Tylar Watson

Tylar Watson is a junior double-majoring in computer science and women’s and gender studies, with a minor in Chinese, within the UNC College of Arts & Sciences. Her research utilizes a specialized form of 3D printing called Continuous Liquid Interface Production to optimize the materials and methods for developing thin film membranes.

Tylar Watsonphoto by Alyssa LaFaro
April 3rd, 2019

When you were a child, what was your response to this question: “What do you want to be when you grow up?”

I always wanted to be a fashion designer. I loved the idea of closing out Paris Fashion Week with my own show.


“3D printing really thin films.”

Share the pivotal moment in your life that helped you choose your field of study.

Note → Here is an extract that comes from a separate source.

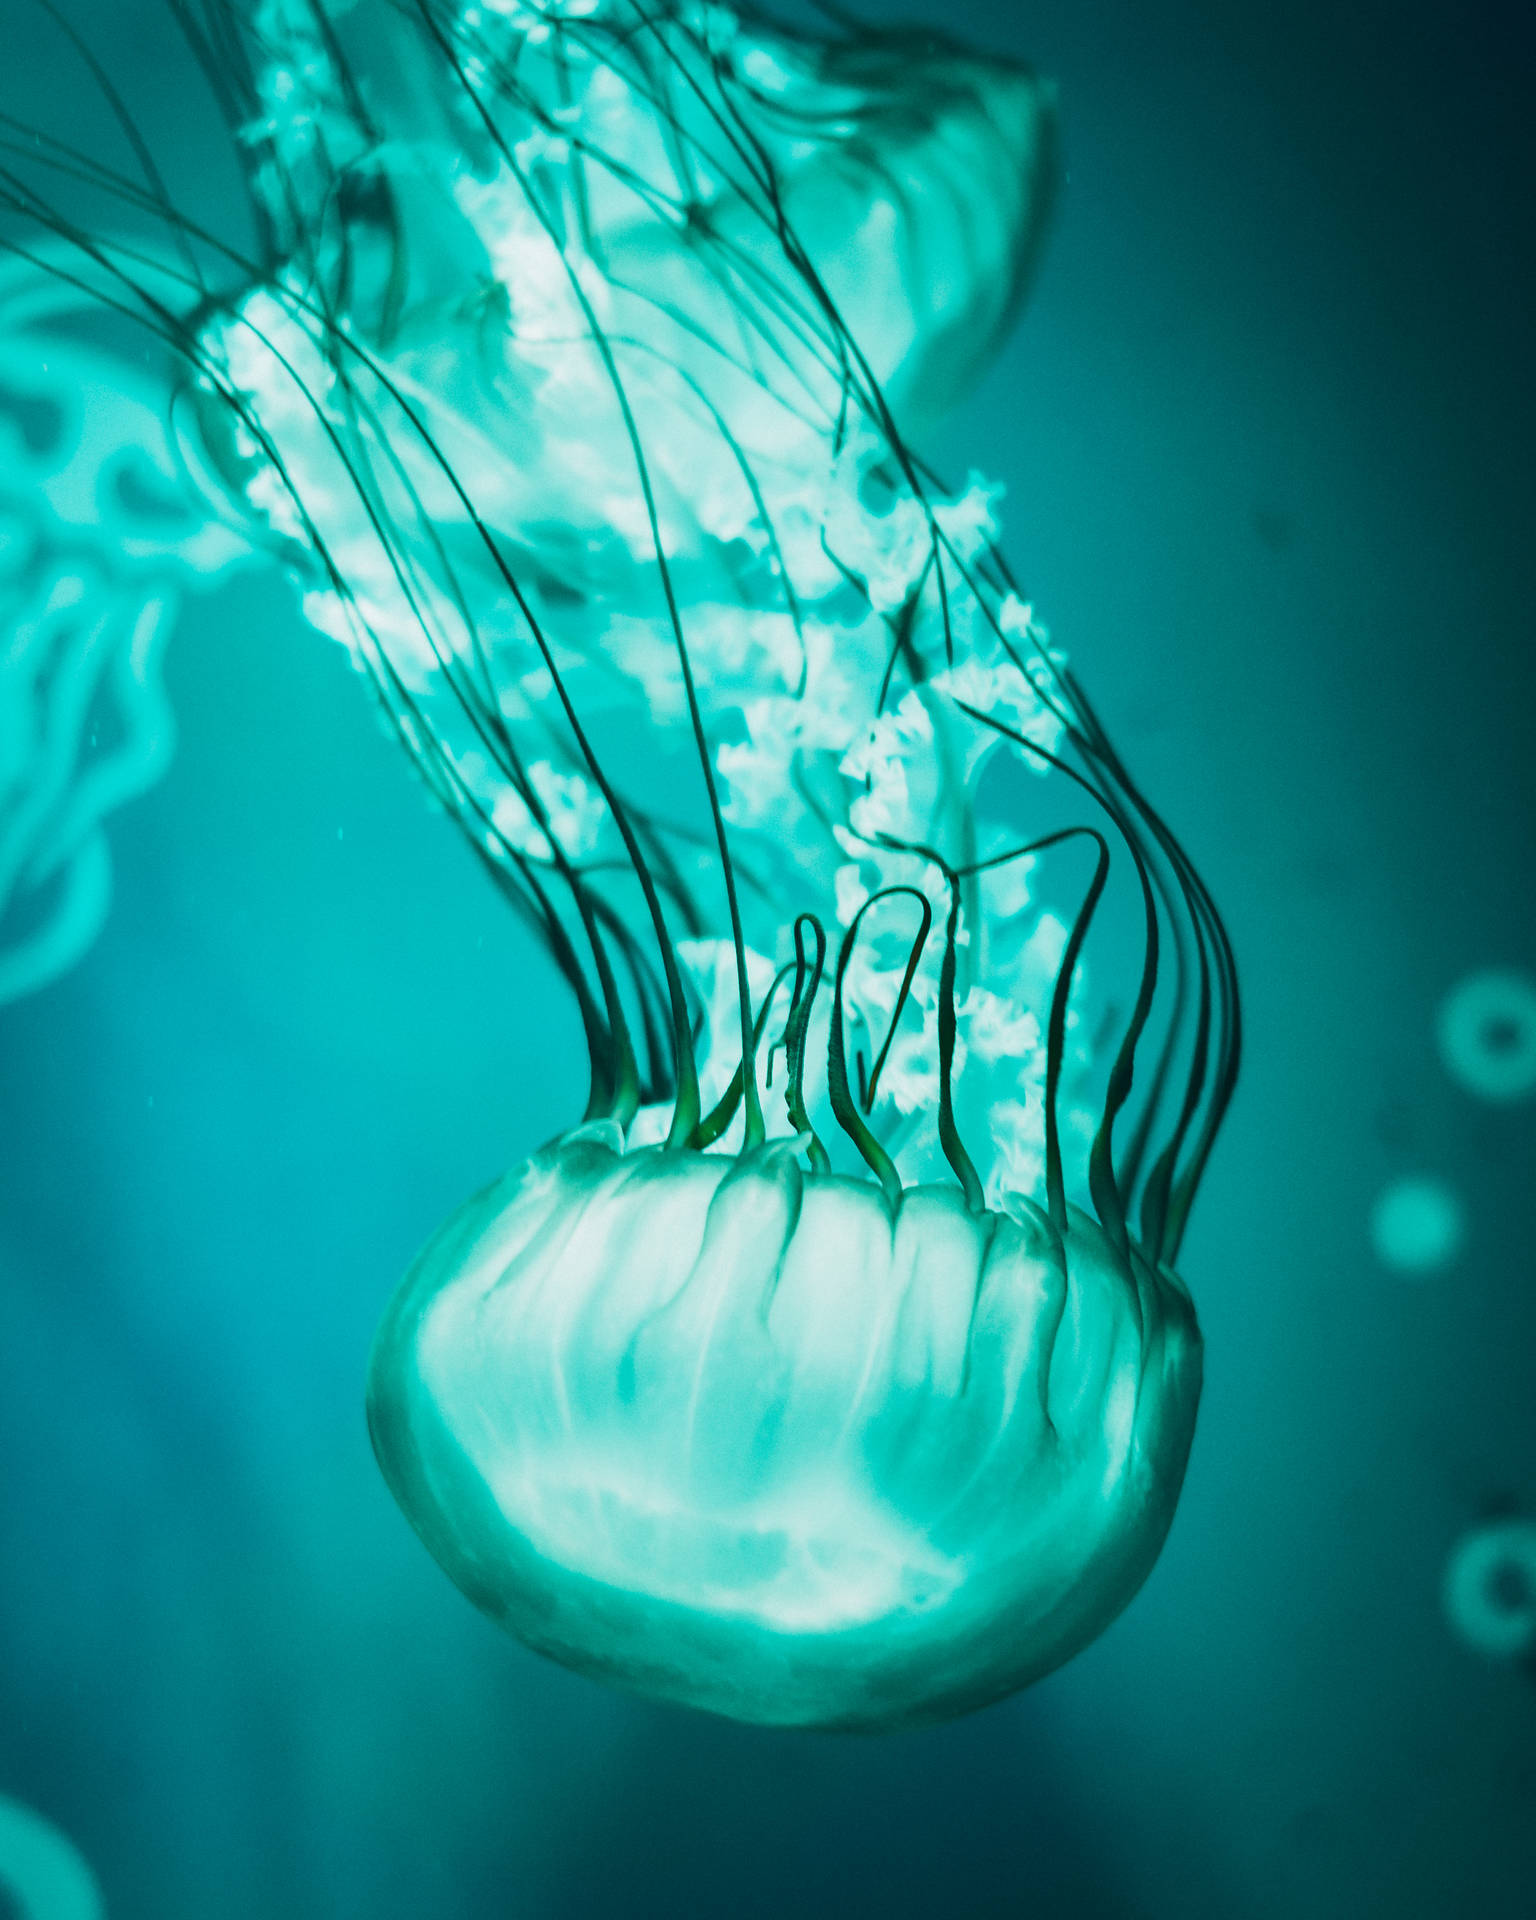 Jellyfish 3376X4220 Wallpaper and Background Image

Junior year of high school I took AP Computer Science and realized that I actually enjoyed programming. I liked the idea that computer science would allow me to do and create whatever I wanted.

Watson enjoys San Francisco's Castro District while visiting for a Sigma XI research conference.

Watson enjoys San Francisco’s Castro District while visiting for a Sigma Xi research conference.

Tell us about a time you encountered a tricky problem. How did you handle it and what did you learn from it?

A group of my friends and I got stranded in downtown San Francisco while on a trip for a research conference. The four of us did some sightseeing and made an incredibly detailed plan for getting back — there was a streetcar, a train, and a bus involved. That night, the streetcar wasn’t working anymore, the train tickets we bought were for a different station, and when we tried to find a bus, we accidentally got on the wrong one. We were attempting to find our way around using the public transport because we assumed it’d be easier. This entire process took about an hour and a half. We ended up taking an Uber back to our hotel around 11:30 p.m. This experience taught me that sometimes the simplest solution is the best one.

What are your passions outside of research?

I’m incredibly passionate about social justice, particularly for women, as well as fashion and diversity.  I think it’s important to have passions because it allows you to express yourself and your emotions in a world obsessed with productivity and end results.